Joe Ely Reunion Band with Bobby Keys

 

iFest Date/Time

Bud Light World Music Stage
May 8, 6:30pm
 

Genre

Rock
 

Bio

With a career spanning 18 albums, thousands of live performances, and hundreds of thousands of miles on the road over four decades, Joe Ely needs no introduction. This American singer, songwriter and guitarist, whose music touches on honky-tonk, country and rock and roll, has had a genre-crossing career, performing with Bruce Springsteen, Uncle Tupelo, Los Super Seven, The Clancy Brothers and James McMurtry in addition to his early work with The Clash and more recent acoustic tours with Lyle Lovett, John Hiatt, and Guy Clark.
 
Streets of Sin, his first studio album in 5 years, marks a changed man, a restless, creative soul hungry to get back to the ol’ Joe.
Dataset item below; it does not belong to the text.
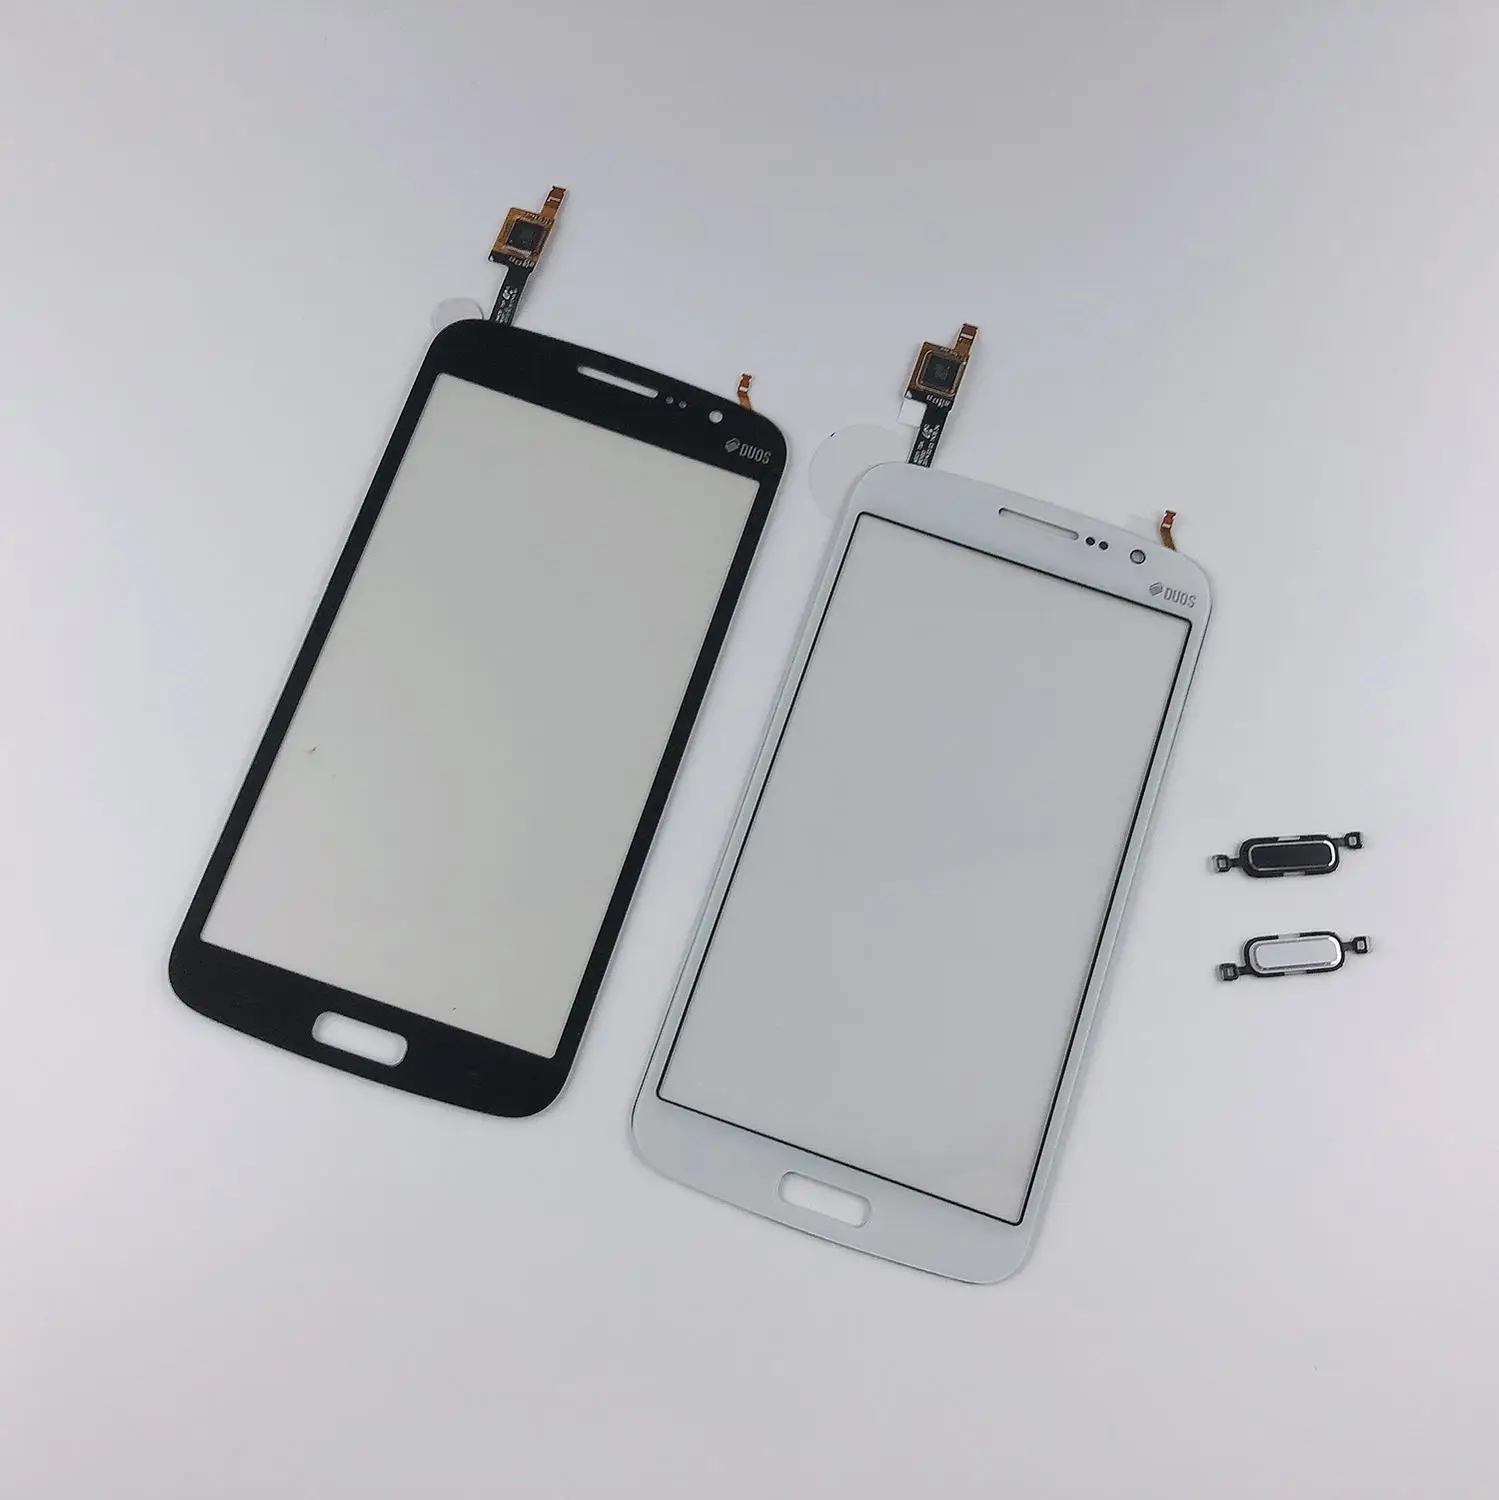 For Samsung Galaxy Grand 2 G7102 G7106 G7105 G7108 Touch Screen Digitizer Front Glass Panel+3M Tape+Home Button Return Keypad

The album is all about songs and the singer-songwriter who has learned to love the studio and find refuge in it, and the musician who plays more guitar than on any previous recording. The songs are the kind of small stories “you find on page 8 of the B section in the newspaper,” as Ely puts it, small stories that also happen to resonate and ring true in the larger world.

The Flatlanders, the band he started in 1972 with this South Plains co-conspirators Butch Hancock and Jimmie Dale Gilmore, inspired the return to the basics. Reuniting, recording their first album in 30 years, and touring coast to coast and overseas brought it all back home for Ely. And the proof is in the music. “When I was signing these songs, I found myself singing not to the multitudes, but to somebody alone in the kitchen,” Ely says. “A listener can relate because they know a character like the ones I write about. It doesn’t require audience participation. I think it’s best listened to in the kitchen, by the computer, in the backyard, or in the car. It’s got a nice road flow to it.

“This is not a honky-tonk or a rock record,” he makes plain. It’s more folk and blues-y rhythms and simple songs and a little dark. 
 
Joe Ely fans believe their Texas troubadour has delivered up a big heaping serving of songs worth listening to, now more than ever, especially when the wind starts kicking up out of the west.